Italy is a favorite to create another masterpiece in Euro 2008, which is being hosted this year — with restrained enthusiasm — by Austria and Switzerland. The Italians, of course, are not a sure thing. They will be challenged by France — whom they defeated in the World Cup final — the Netherlands, Germany, Portugal, Croatia ... in other words, the usual suspects. (Four years ago, Greece miraculously beat stratospheric odds to win, a performance unlikely to be repeated.) And as is also now usual, the tournament will be followed on televisions not just in Europe, but everywhere from Kunming, China to — well, to Kearney, N.J., actually. And thereby hangs a tale.
"The beauty of [European football]," says Reyna, "is that you have countries that border each other, yet they all have a distinct style." Americans didn't have to go to Europe to be exposed to such variety. It's been on view in the U.S. for 150 years. Whenever the 11th man from any European town emigrated to the States, a football team got organized. Football, the real variety, is an American game, too. Since the 19th century, whether it was Scottish mill hands in New Jersey, Portuguese fishermen in Massachusetts, Ukrainian steel workers in Pennsylvania, Italian masons and Irish sandhogs in New York City, or German brewers and shopkeepers in Missouri, one ethnicity after the next established its community and its football, not necessarily in that order.

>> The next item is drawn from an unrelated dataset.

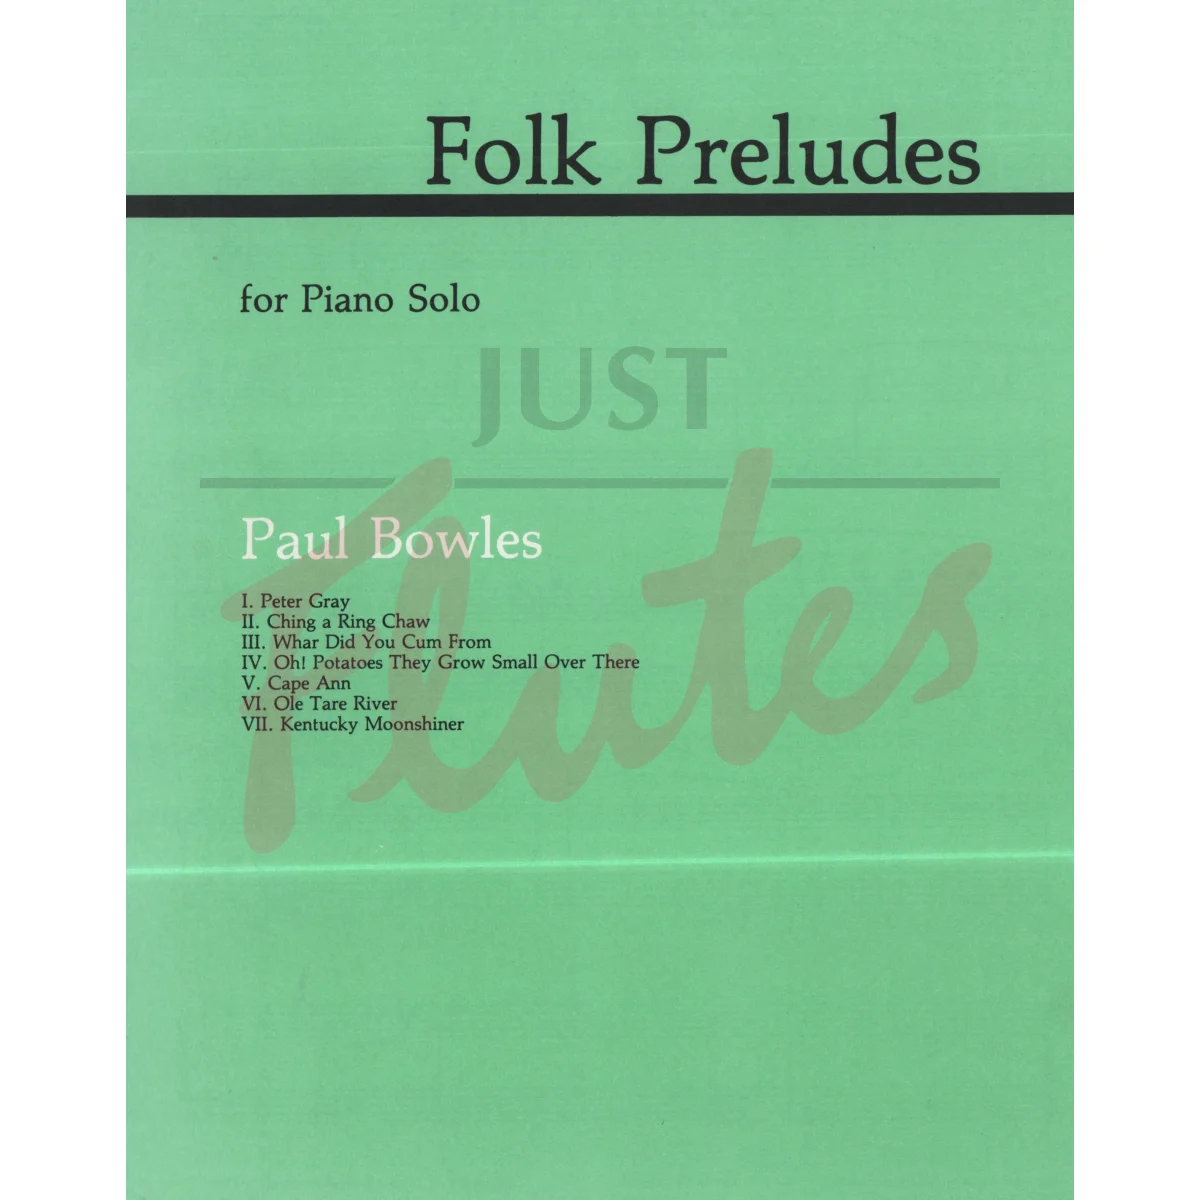 Folk Preludes for Piano

With those immigrants came an approach to the game as distinct as their cuisines. Long before I ever watched the European championships — the cable sports network ESPN didn't televise any games in the U.S. until 1996 — I was familiar with Europeans' football. I had been seeing it on the field, first as a kid living in an immigrant-enriched community near Newark, N.J. — where one learned that Portuguese teams have flair and fire, and that a Scotsman has a very broad view as to what constitutes a fair challenge. My European education would continue in the Cosmopolitan Soccer League, in New York City. The CSL began life in 1923 as the German-American Soccer League, but has long served as a melting pot of teams: Blau Weiss Gotchee, Brooklyn Italians, Greek-American Atlas, Polonia NY, Hungaria, FC Bulgaria, NY Albanians, CD Iberia.
When I got to Europe as a journalist (and as a player when my club team toured) it was amusing to see teams replicate what I'd experienced in New York: the way an Irish team plays the offside trap; an Italian midfielder's pass to an outside back that is as predictable as pasta for dinner; the steely play of the Poles contrasted with the passion of the Greeks. New York City's Croatian teams impressed me with their technical approach; the Hungarians, once powerhouses, have faded; the Greeks are defending champions. Sound familiar?
I learned, also, that the farther south in Europe your opponent's roots, the more dazzling the footballing and the hotter the tempers. Get the Italians mad at each other, and you've got a good shot at winning. Get ahead of a Greek team, and get ready for a fightback. Or at least a fight: the Greeks are people with a tremendous culture and history — and they play every game like it's a World Cup — but my experience has been that when a Greek walks onto the pitch his passion for the game is such that he's one whistle away from snapping. It's not surprising that it took a German, Otto Rehhagel, to channel that energy into the kind of disciplined defense that allowed Greece to beat France, the Czech Republic and (speaking of passion) Portugal, to win in 2004. In Greek neighborhoods such as Astoria, in the New York borough of Queens, the joy was explosive.